No Increasing Trend In Drought/Flood Frequency, Severity
Guo et al., 2018 In drought-prone regions like Central Asia, drought monitoring studies are paramount to provide valuable information for drought risk mitigation. In this paper, the spatiotemporal drought characteristics in Central Asia are analyzed from 1966 to 2015 using the Climatic Research Unit (CRU) dataset. Central Asia showed an overall wetting trend with a switch to drying trend since 2003.
Temperature Change Leads CO2 Change, Processes Governing CO2 Changes ‘Poorly Understood’
Koutavas et al., 2018 The EEP [eastern equatorial Pacific] stack shows persistent covariation with Antarctic temperature on orbital and millennial timescales indicating tight coupling between the two regions. This coupling however cannot be explained solely by CO2 forcing because in at least one important case, the Marine Isotope Stage (MIS) 5e–5d glacial inception, both regions cooled ∼5–6.5 thousand years before CO2 decreased. More likely, their covariation was due to advection of Antarctic climate signals to the EEP by the ocean. … . The discovery that atmospheric CO2 covaries with Antarctic temperature and global ice volume (Lorius et al., 1990; Lüthi et al., 2008; Petit et al., 1999) has propelled CO2 to the forefront as climatic “globalizer”. However, the processes governing CO2 variability are themselves poorly understood, and likely require an oceanic/climatic trigger in the first place (Adkins, 2013; Ferrari et al., 2014; Sigman et al., 2010). Antarctic ice core records are furthermore ambiguous with regard to the causal relationship between CO2 and temperature. Phase relationships show CO2 lagging behind temperature in the obliquity band (Jouzel et al., 2007) and across some major transitions (Caillon et al., 2003; Fischer et al., 1999; Kawamura et al., 2007; WAIS Divide Project Members, 2013), most prominently during the Marine Isotope Stage (MIS) 5e–5d boundary, i.e. the last glacial inception. Antarctic cooling at this time was associated with a major Milankovitch signal, and appears to have transpired almost entirely before the change in CO2 concentration. It remains unclear whether the temperature lead was restricted to Antarctica or was broader.
Ozone ‘Hole’ Still Widening Since 1998 (Despite CFC Ban)
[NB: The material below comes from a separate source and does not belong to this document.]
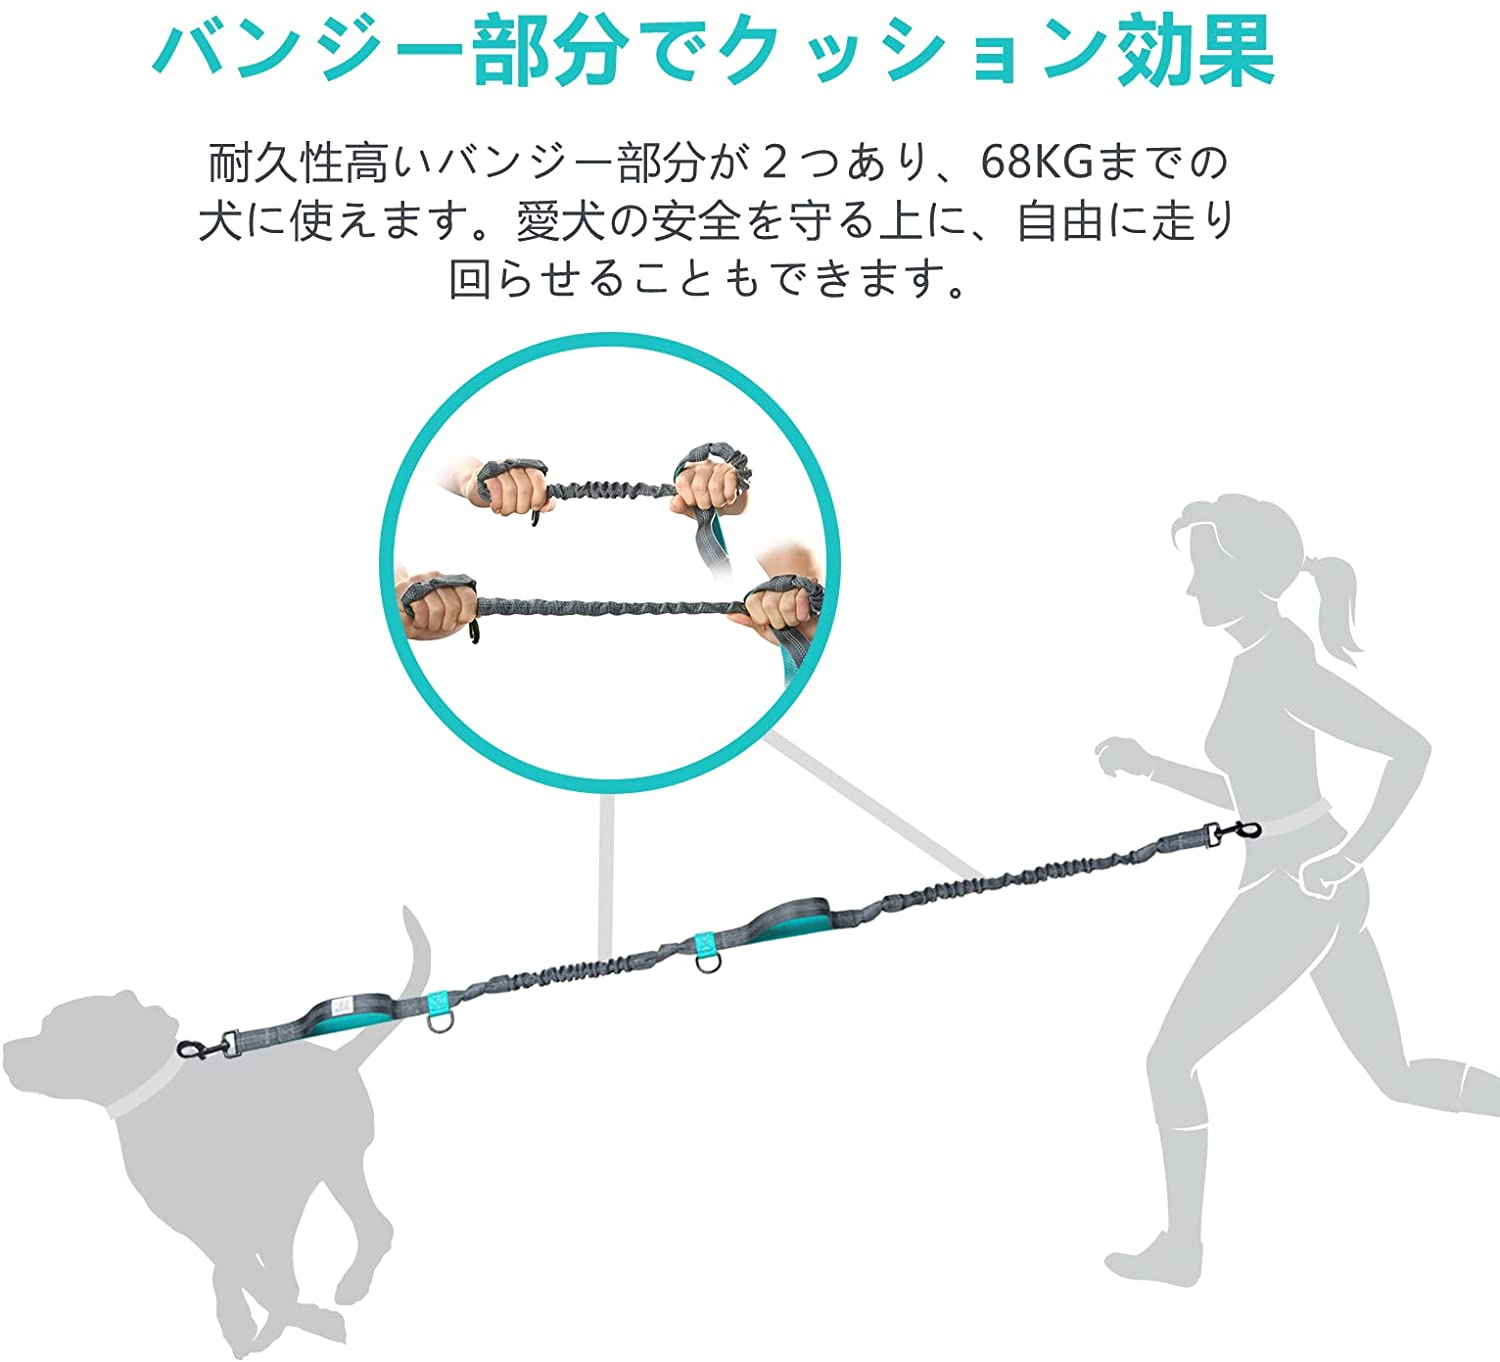 PETBABA(ペットババ) 犬 リード ハンズフリーリードセット ウエストリード 腰ベルト 伸縮 調節可能 反射素材 ジョギング ランニング 訓練

Ball et al, 2018 Here we report evidence from multiple satellite measurements that ozone in the lower stratosphere between 60° S and 60° N has indeed continued to decline since 1998. We find that, even though upper stratospheric ozone is recovering, the continuing downward trend in the lower stratosphere prevails, resulting in a downward trend in stratospheric column ozone between 60° S and 60° N. We find that total column ozone between 60° S and 60° N appears not to have decreased only because of increases in tropospheric column ozone that compensate for the stratospheric decreases. The reasons for the continued reduction of lower stratospheric ozone are not clear; models do not reproduce these trends, and thus the causes now urgently need to be established.
Arctic Methane Emissions Natural, Not Anthropogenic
Wallmann et al., 2018 Gas hydrate dissociation off Svalbard induced by isostatic rebound rather than global warming … Methane seepage from the upper continental slopes of Western Svalbard has previously been attributed to gas hydrate dissociation induced by anthropogenic warming of ambient bottom waters. Here we show that sediment cores drilled off Prins Karls Foreland contain freshwater from dissociating hydrates. However, our modeling indicates that the observed pore water freshening began around 8 ka BP when the rate of isostatic uplift outpaced eustatic sea-level rise. The resultant local shallowing and lowering of hydrostatic pressure forced gas hydrate dissociation and dissolved chloride depletions consistent with our geochemical analysis. Hence, we propose that hydrate dissociation was triggered by postglacial isostatic rebound rather than anthropogenic warming.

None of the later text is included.